● Dataset section
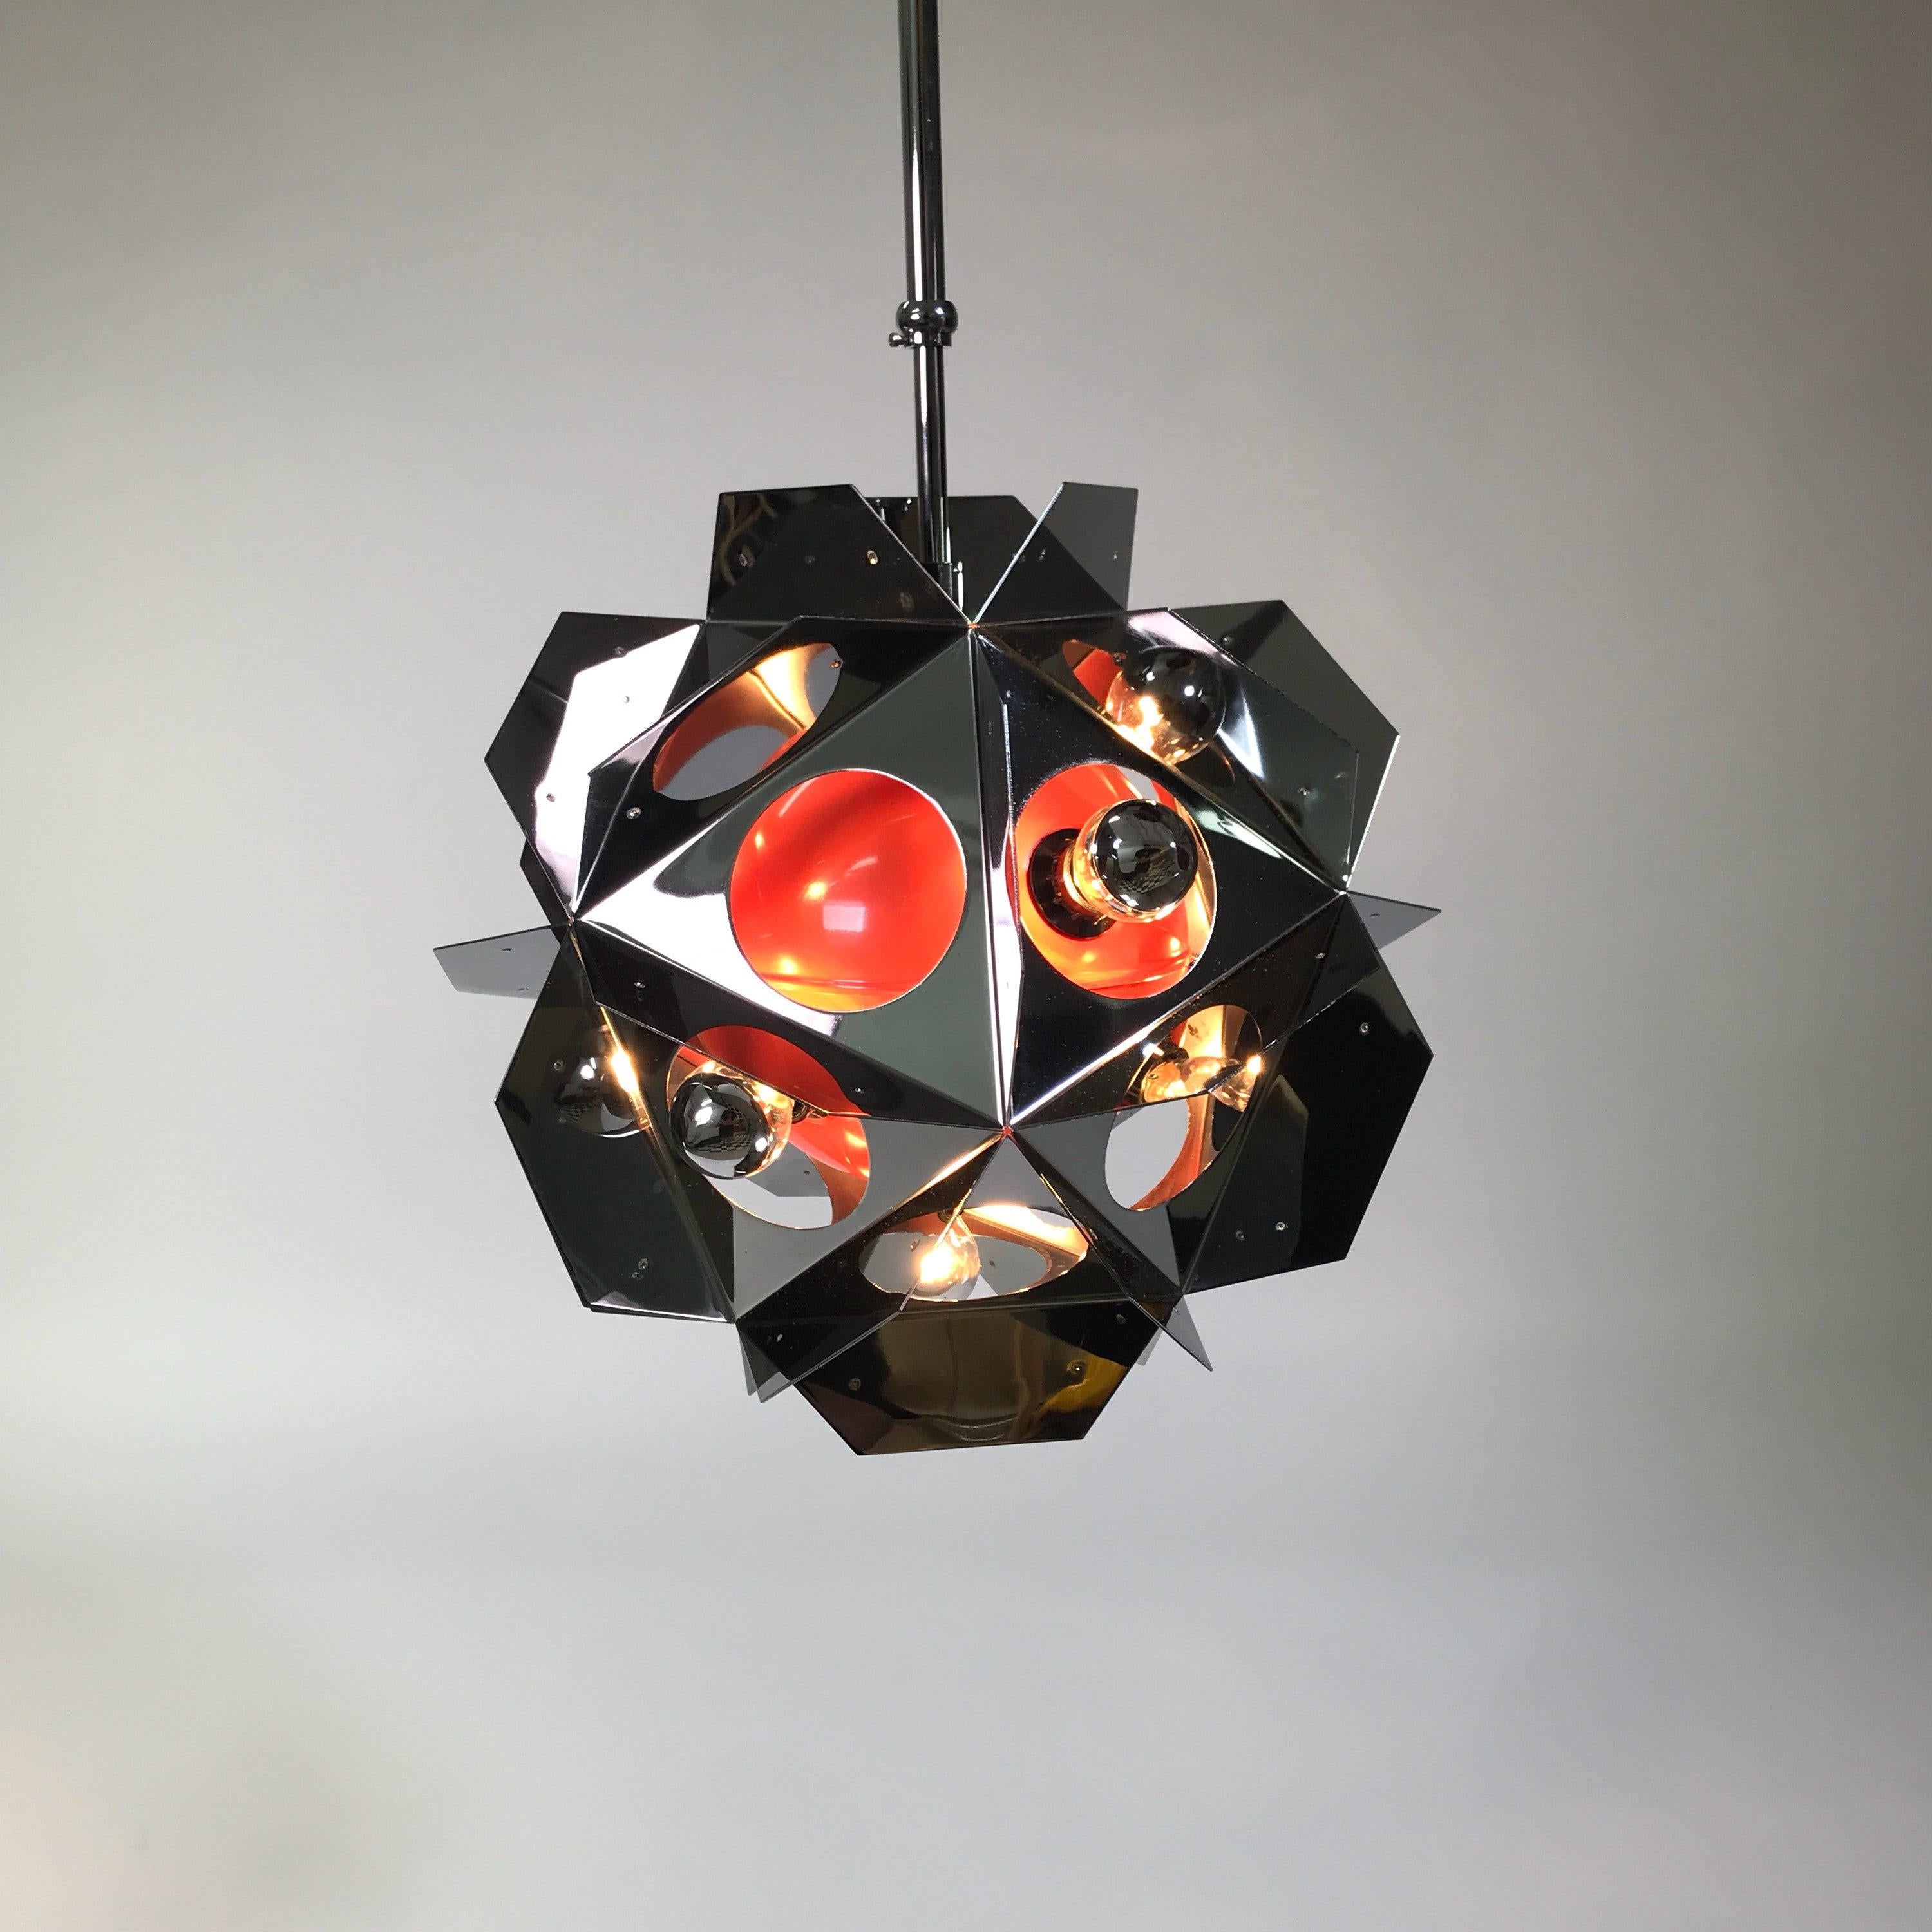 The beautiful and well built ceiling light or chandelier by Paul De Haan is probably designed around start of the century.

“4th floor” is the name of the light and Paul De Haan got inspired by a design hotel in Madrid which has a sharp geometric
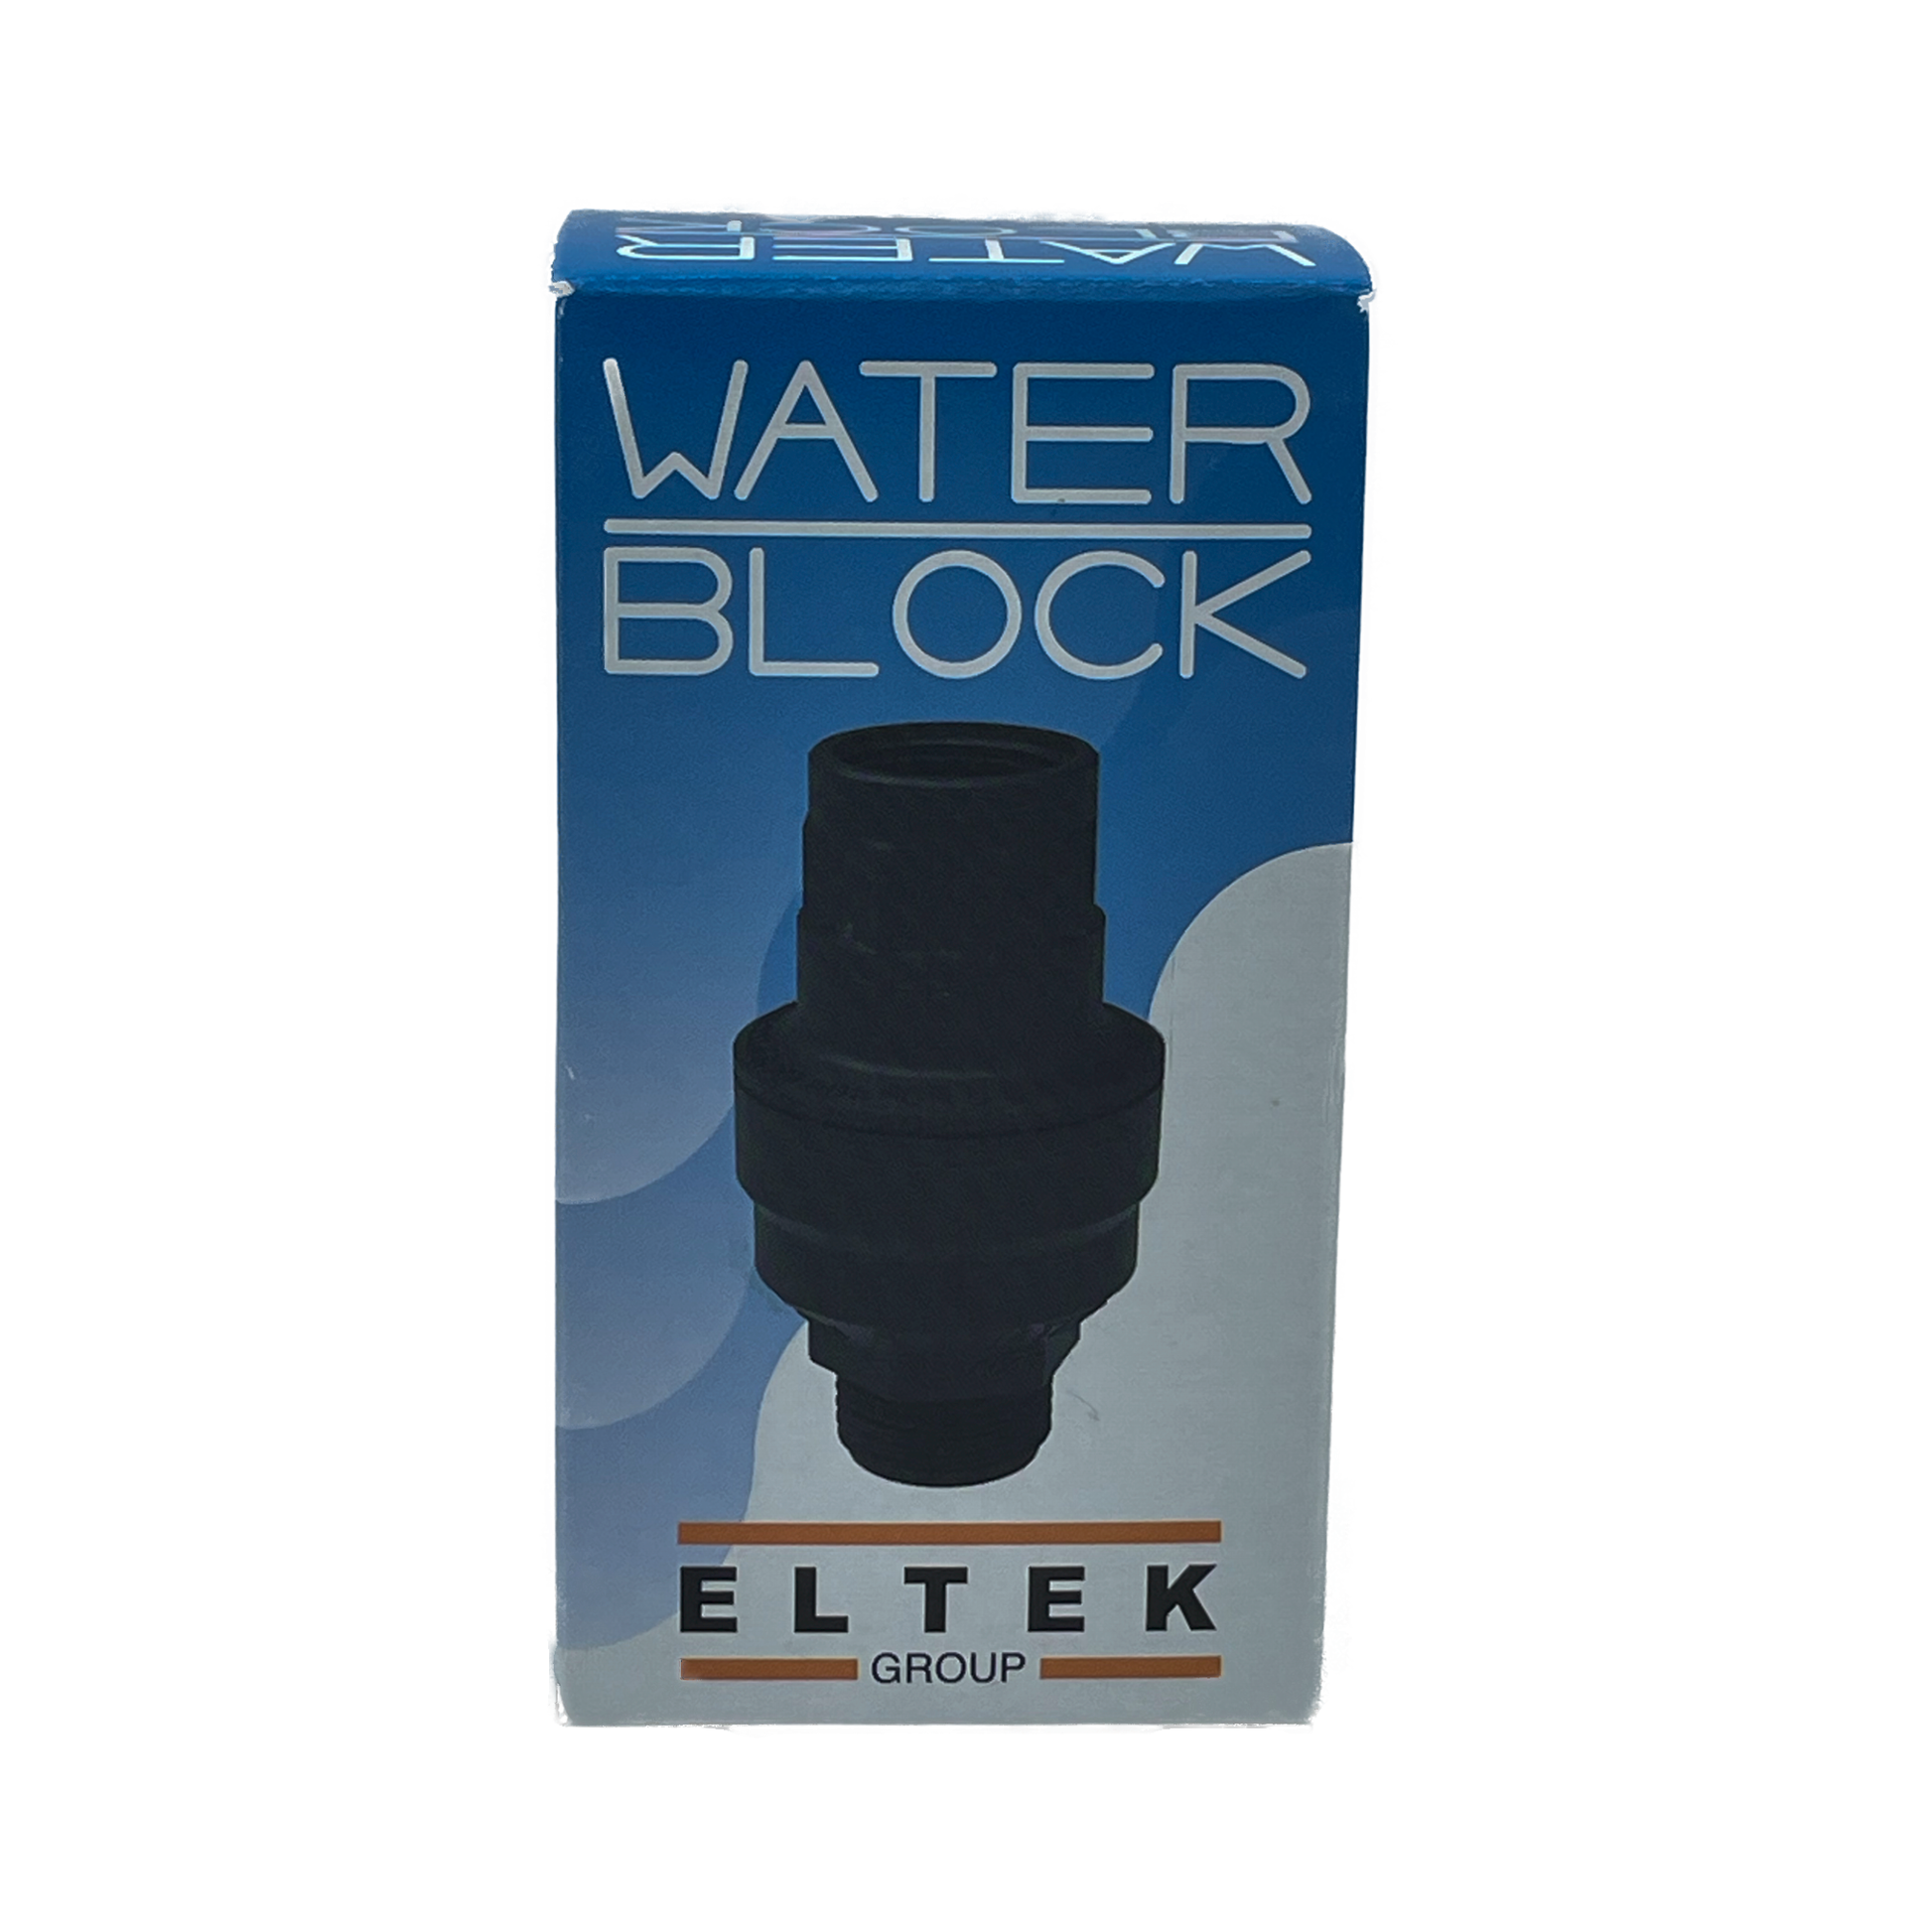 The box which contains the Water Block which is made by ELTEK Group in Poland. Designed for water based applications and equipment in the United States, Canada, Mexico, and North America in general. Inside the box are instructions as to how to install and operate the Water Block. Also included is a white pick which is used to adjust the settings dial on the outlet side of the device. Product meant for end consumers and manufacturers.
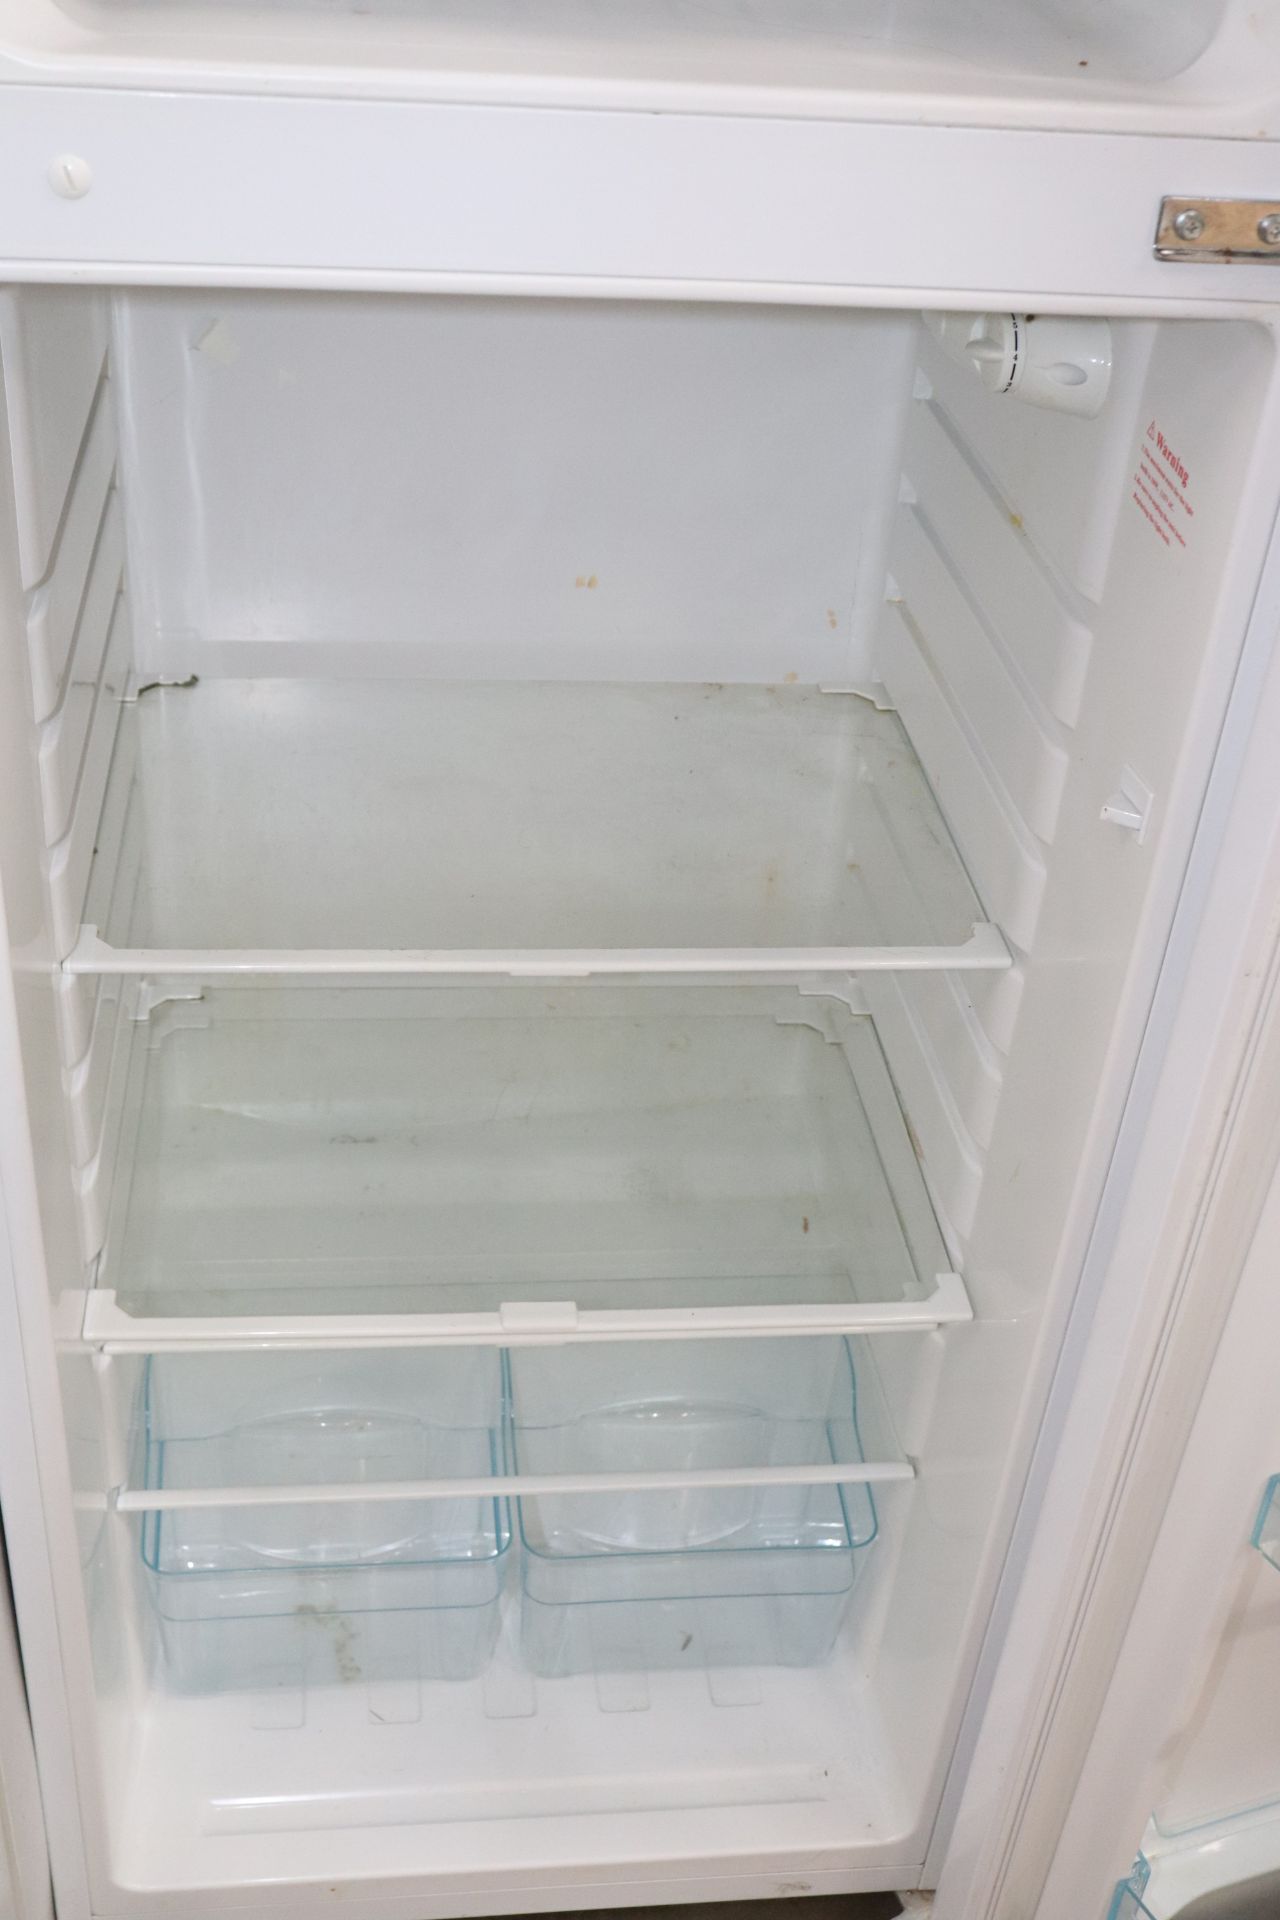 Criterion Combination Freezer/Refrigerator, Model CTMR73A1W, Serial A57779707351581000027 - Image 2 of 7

● Goal of the exercise
Leaving every image behind, repeat the data in full and exactly.

● Solution to this exercise
 The beautiful and well built ceiling light or chandelier by Paul De Haan is probably designed around start of the century.

“4th floor” is the name of the light and Paul De Haan got inspired by a design hotel in Madrid which has a sharp geometric
 The box which contains the Water Block which is made by ELTEK Group in Poland. Designed for water based applications and equipment in the United States, Canada, Mexico, and North America in general. Inside the box are instructions as to how to install and operate the Water Block. Also included is a white pick which is used to adjust the settings dial on the outlet side of the device. Product meant for end consumers and manufacturers.
 Criterion Combination Freezer/Refrigerator, Model CTMR73A1W, Serial A57779707351581000027 - Image 2 of 7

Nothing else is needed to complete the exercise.